======== RECORDS TO USE ========
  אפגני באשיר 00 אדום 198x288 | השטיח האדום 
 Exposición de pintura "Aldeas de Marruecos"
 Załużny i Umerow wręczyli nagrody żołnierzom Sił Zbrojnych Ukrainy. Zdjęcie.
========
======== RECORDS TO USE ========
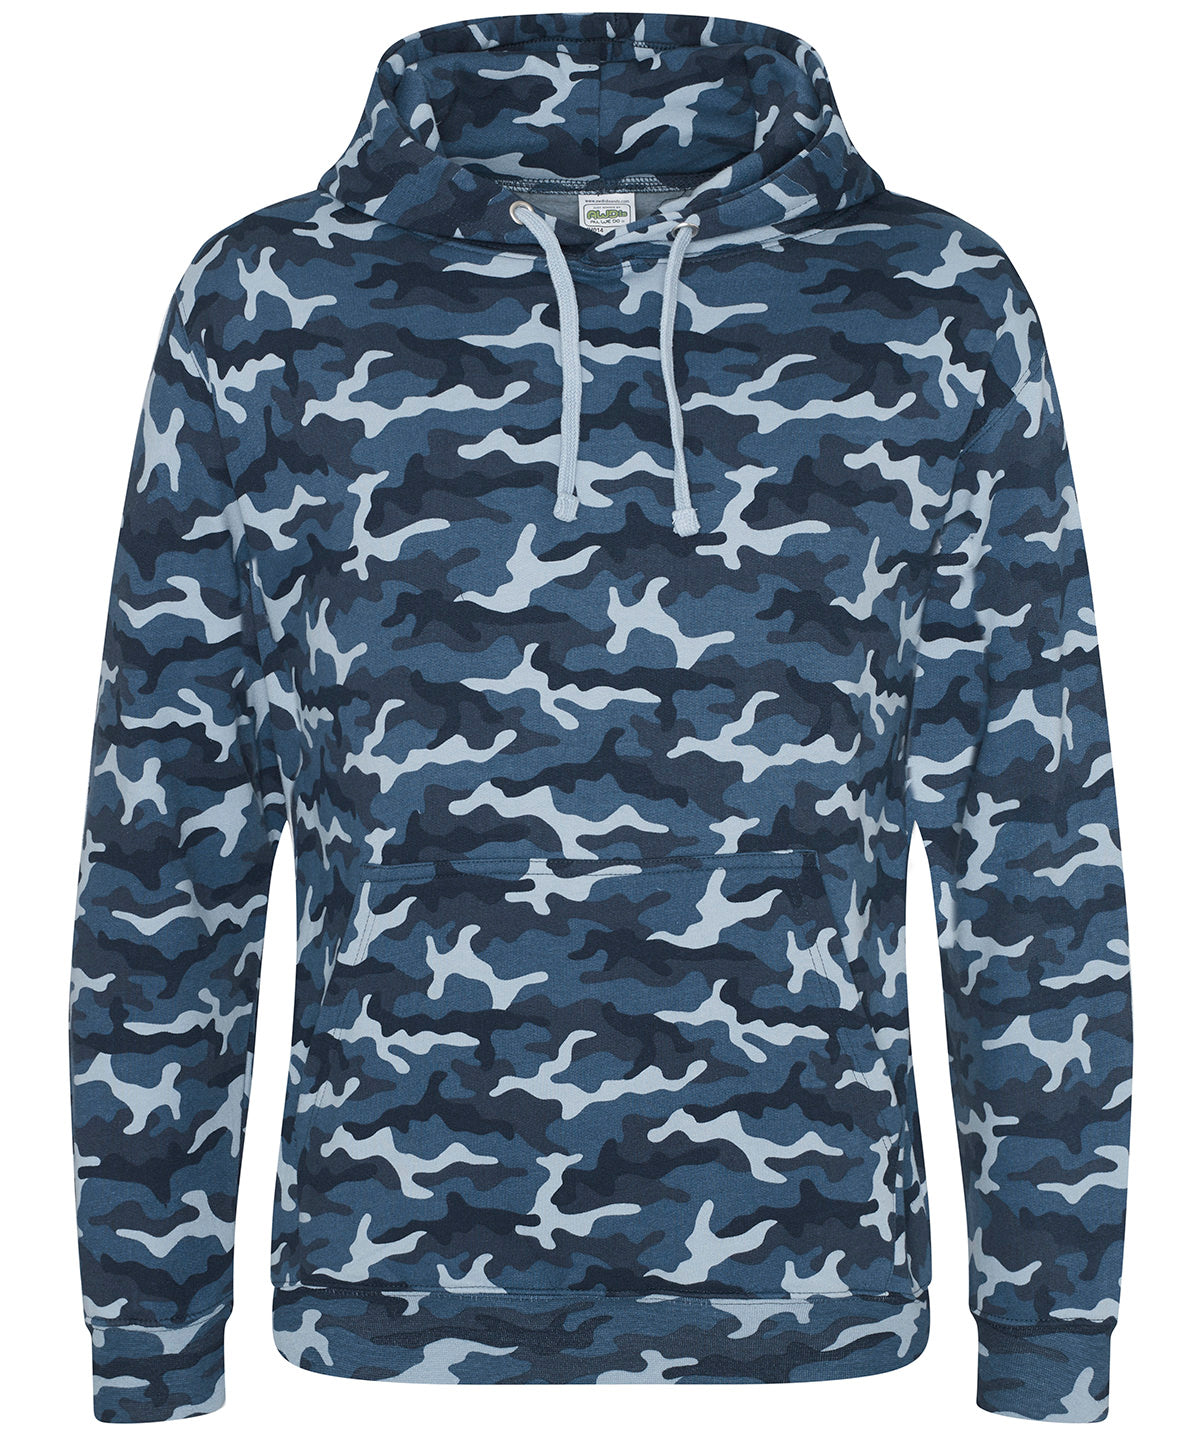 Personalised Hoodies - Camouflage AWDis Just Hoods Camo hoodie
========
EXERCISE BRIEF:
Since only part of the listing is wanted, copy exactly the lines from the one holding "אפגני באשיר 00 אדום 198x288 | השטיח האדום" to the one holding "Załużny i Umerow", both included.

ANSWER SPACE:
  אפגני באשיר 00 אדום 198x288 | השטיח האדום 
 Exposición de pintura "Aldeas de Marruecos"
 Załużny i Umerow wręczyli nagrody żołnierzom Sił Zbrojnych Ukrainy. Zdjęcie.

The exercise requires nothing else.